Beitrag von Bernado »

Florianklaus hat geschrieben:In den evangelisch- hochkirchlichen Messen, die ich früher besucht habe, war es üblich, daß der Zelebrant den Friedensgruß an die Mitwirkenden im Altarraum gegeben hat und diese ihn dann in die im Kirchenschiff versammelte Gemeinde weitergegeben haben (Bei größeren Gottesdiensten sind sie im Mittelgang die Reihen abgegangen). Jeder Gottesdienstbesucher hat nur einmal den Gruß erhalten und ihn auch nur einmal an seinen Banknachbarn weitergegeben (übrigens mit beiden Händen, die jeweils in die offenen Hände des Empfangenden gelegt werden. Für mich wurde so sehr schön deutlich, daß der Friede letztlich von Christus kommt.
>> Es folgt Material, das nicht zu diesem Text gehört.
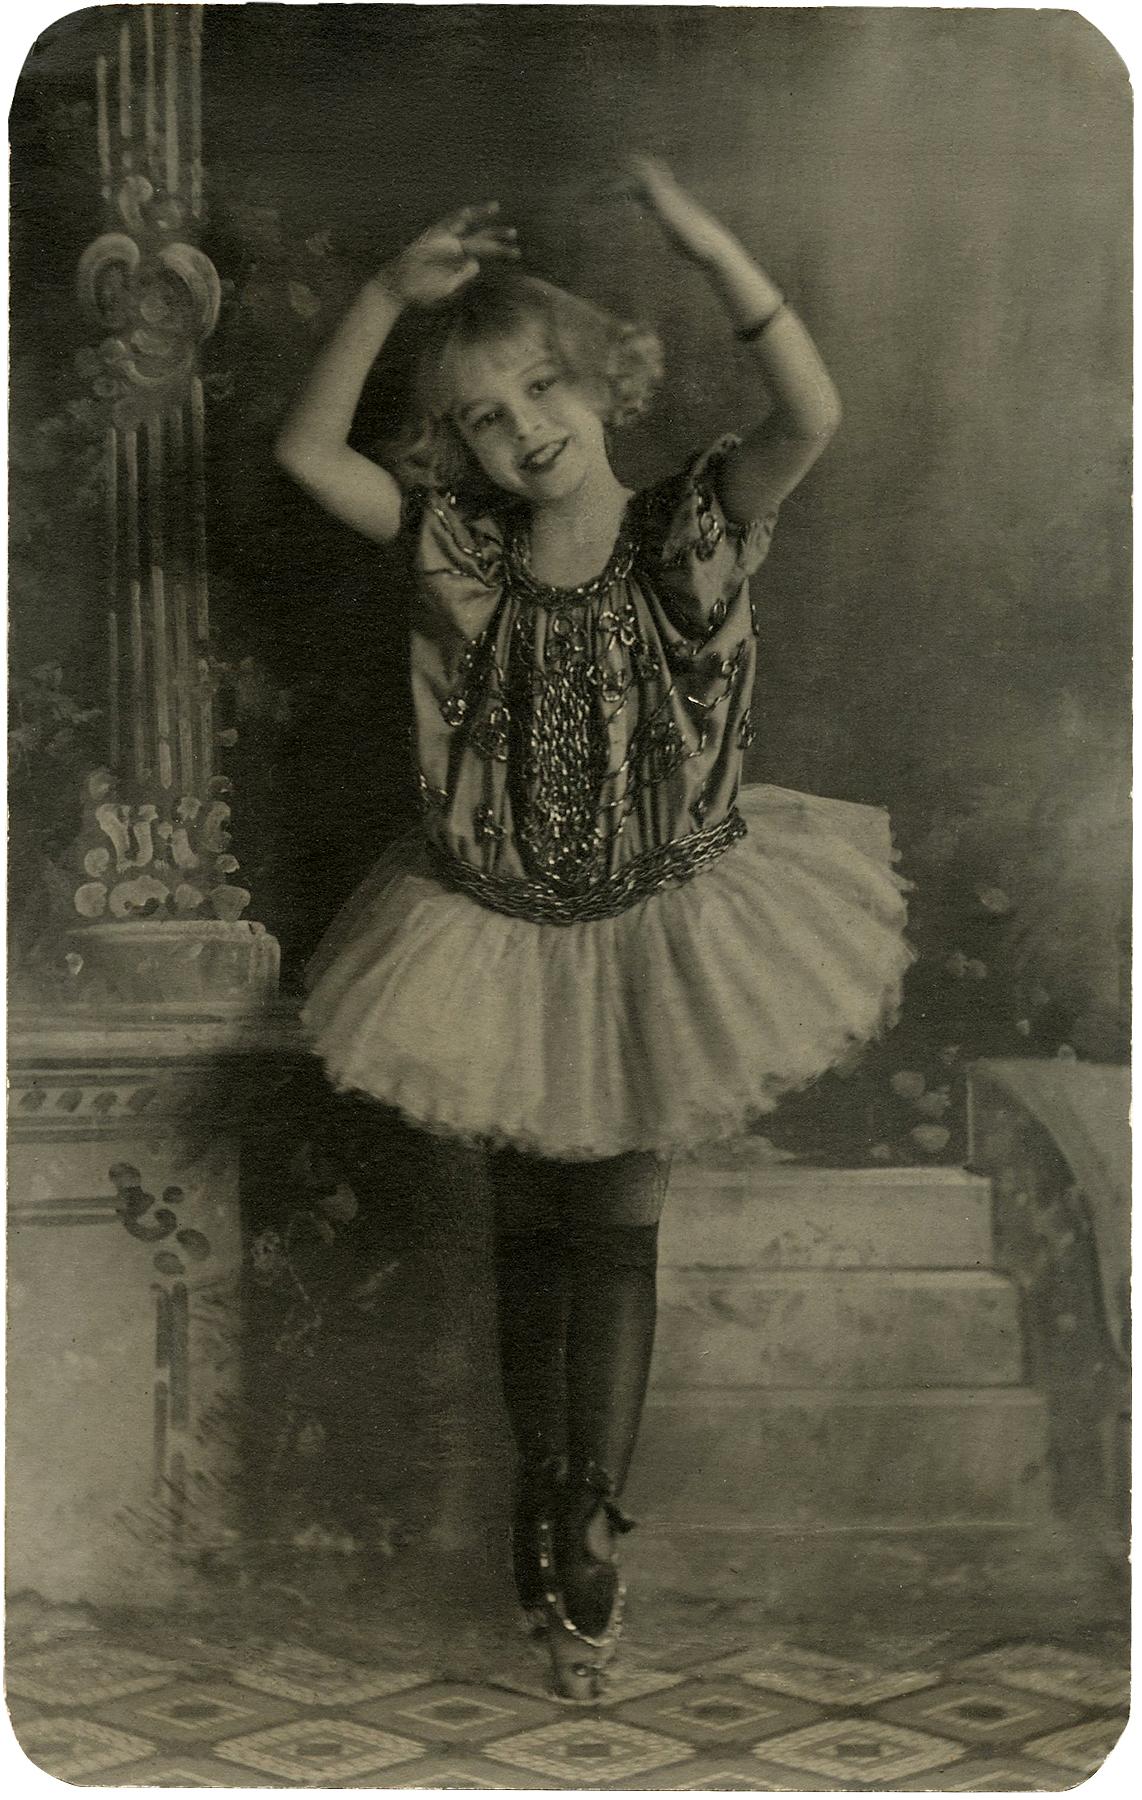 Vintage Ballerina Girl Photo Download

An die aktuelle Praxis in der katholischen Kirche konnte ich mich bis heute noch nicht so recht gewöhnen, so daß ich jetzt eher zu den "Vermeidern" zähle.
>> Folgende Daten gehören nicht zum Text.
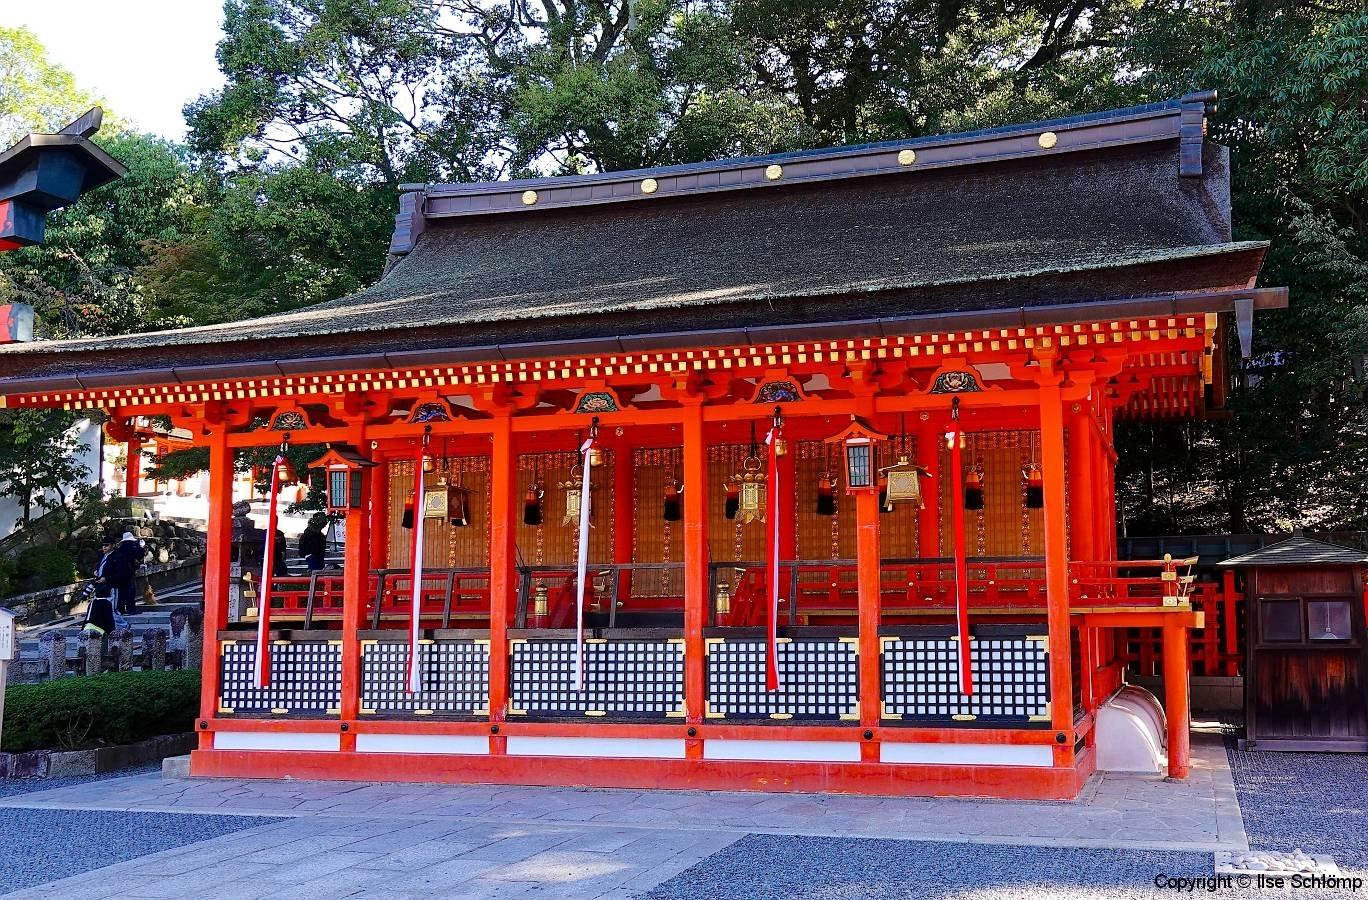 Japan, Kyoto, Fushimi Inari Schrein

Das entspricht weitgehend der früheren (bis ins 18. Jah) Übung auch in der katholischen Kirche, bei der "die Pax" oft vom Paxtäfelchen begeleitet wurde. Das wurde vom Altar aus in Umlauf gesetzt und von Hand zu Hand weitergereicht und dabei mit einem Kuss oder einer kleinen Verneigung begrüßt.

Ich sage das hier nur zum Zweck der Information und nicht etwa, um diese Form als Ideal für heute zu empfehlen.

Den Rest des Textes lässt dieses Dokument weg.